The task:
Word for word, copy the listing below and leave out its images.

Source data:
::::::::::
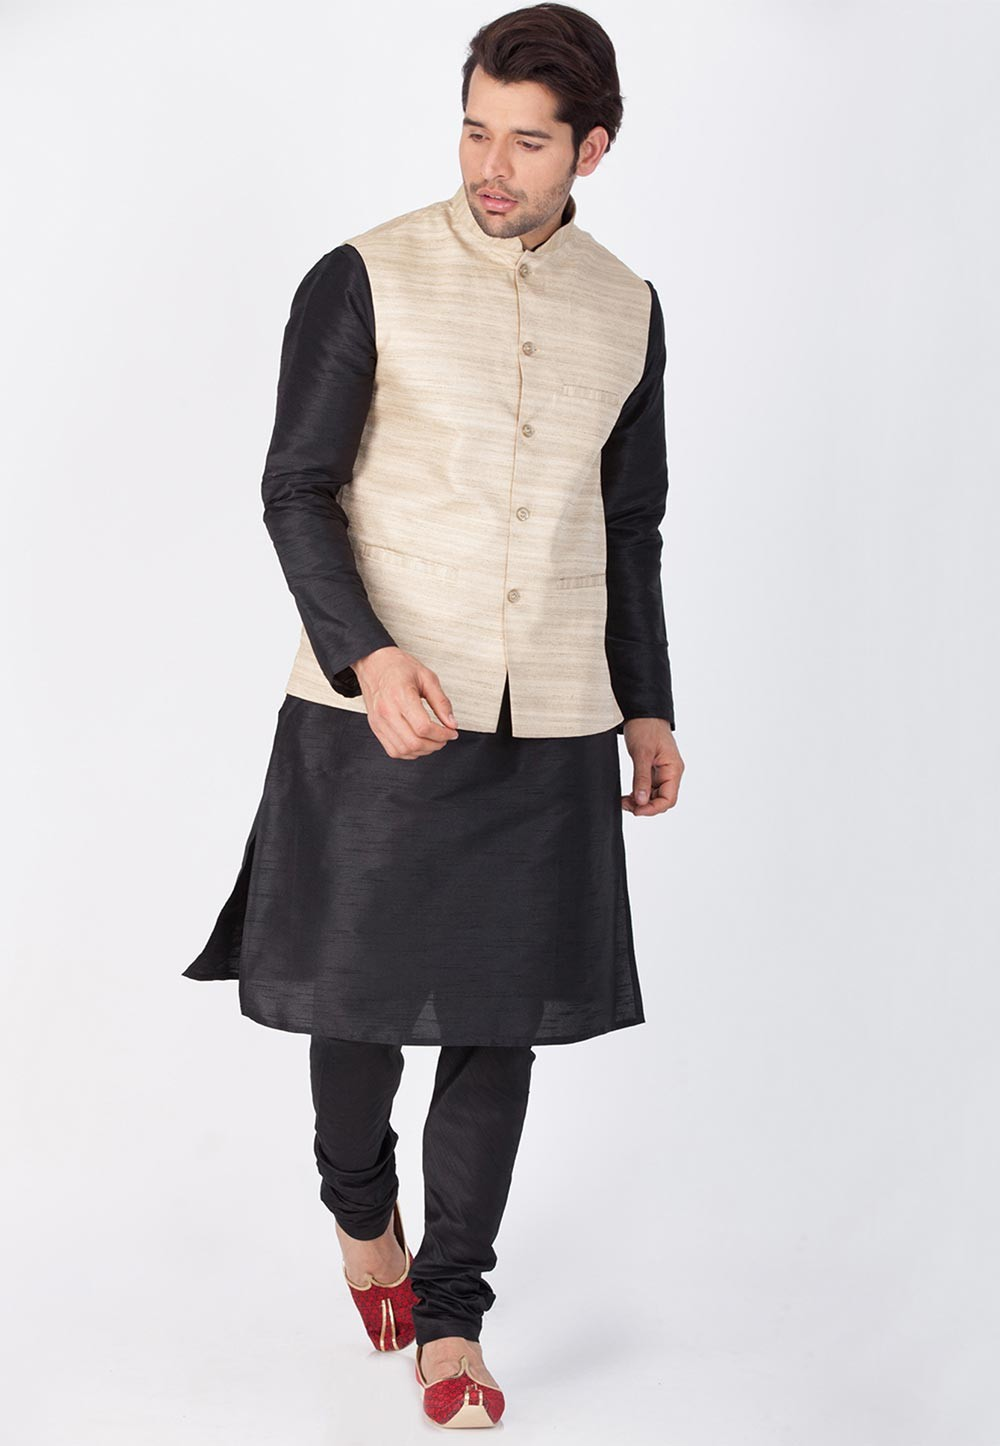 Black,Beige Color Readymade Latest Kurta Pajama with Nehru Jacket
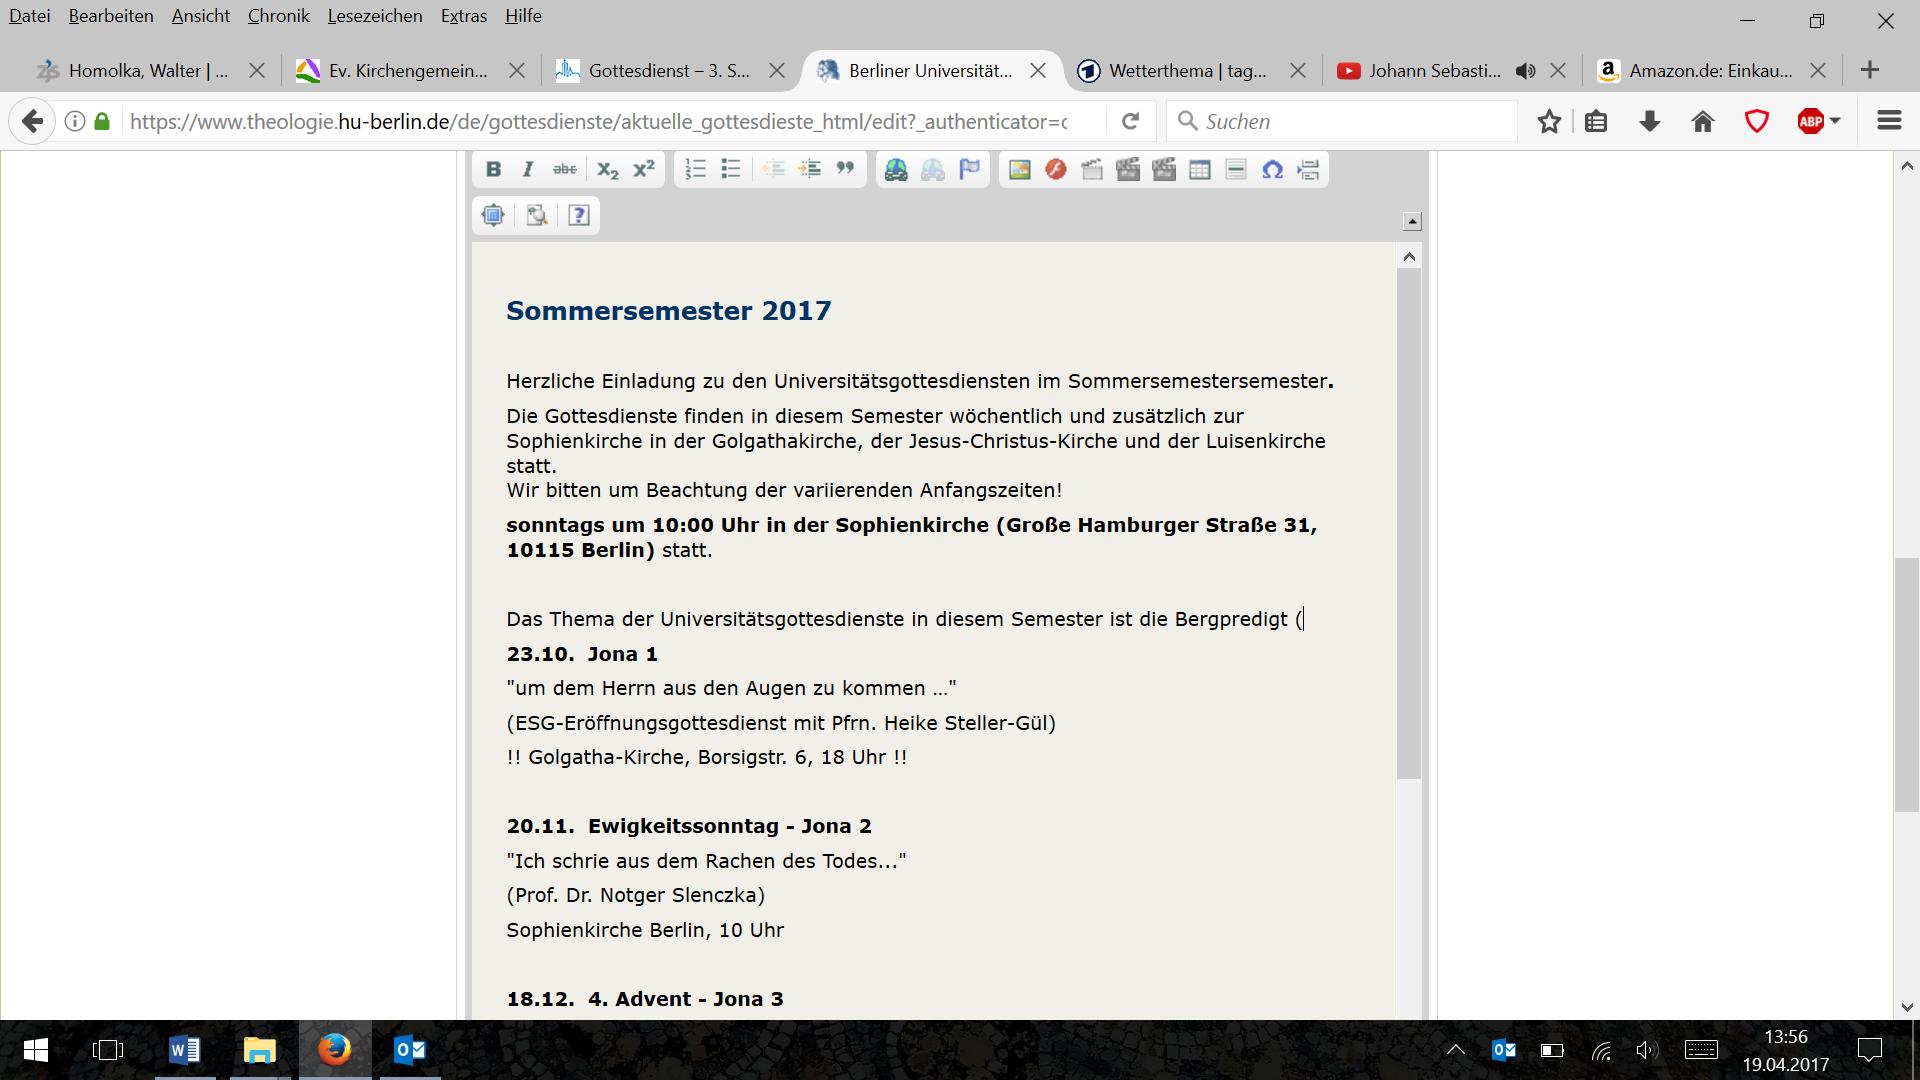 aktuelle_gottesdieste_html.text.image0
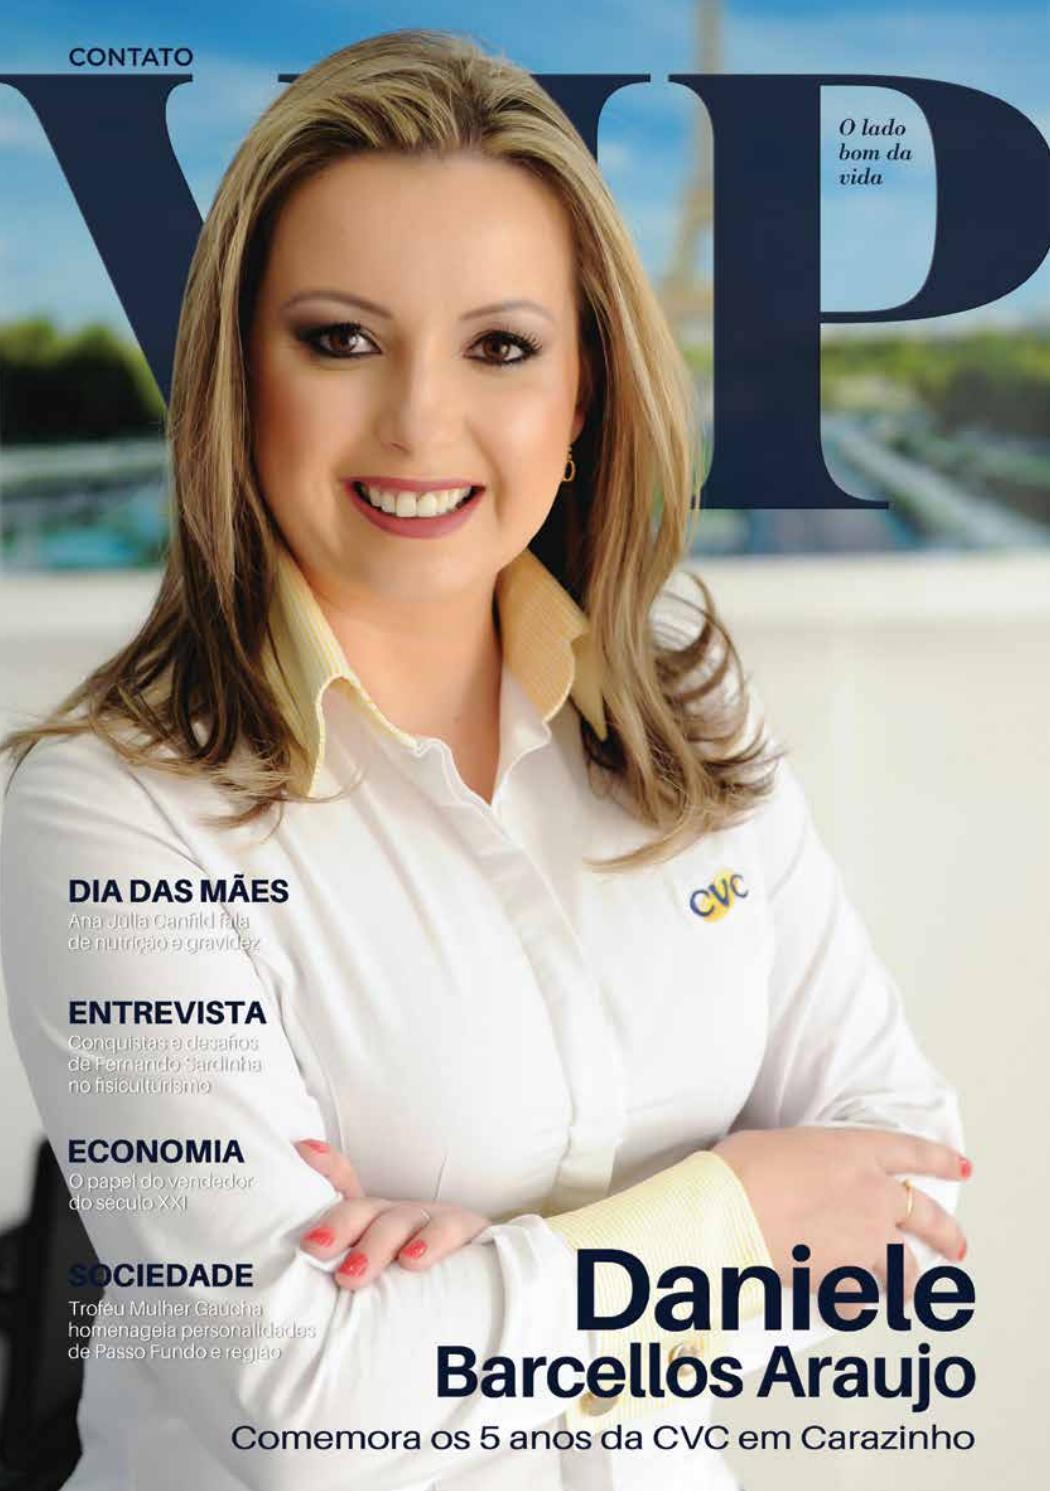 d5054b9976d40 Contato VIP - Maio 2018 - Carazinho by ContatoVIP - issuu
::::::::::
Solved problem:
 Black,Beige Color Readymade Latest Kurta Pajama with Nehru Jacket
 aktuelle_gottesdieste_html.text.image0
 d5054b9976d40 Contato VIP - Maio 2018 - Carazinho by ContatoVIP - issuu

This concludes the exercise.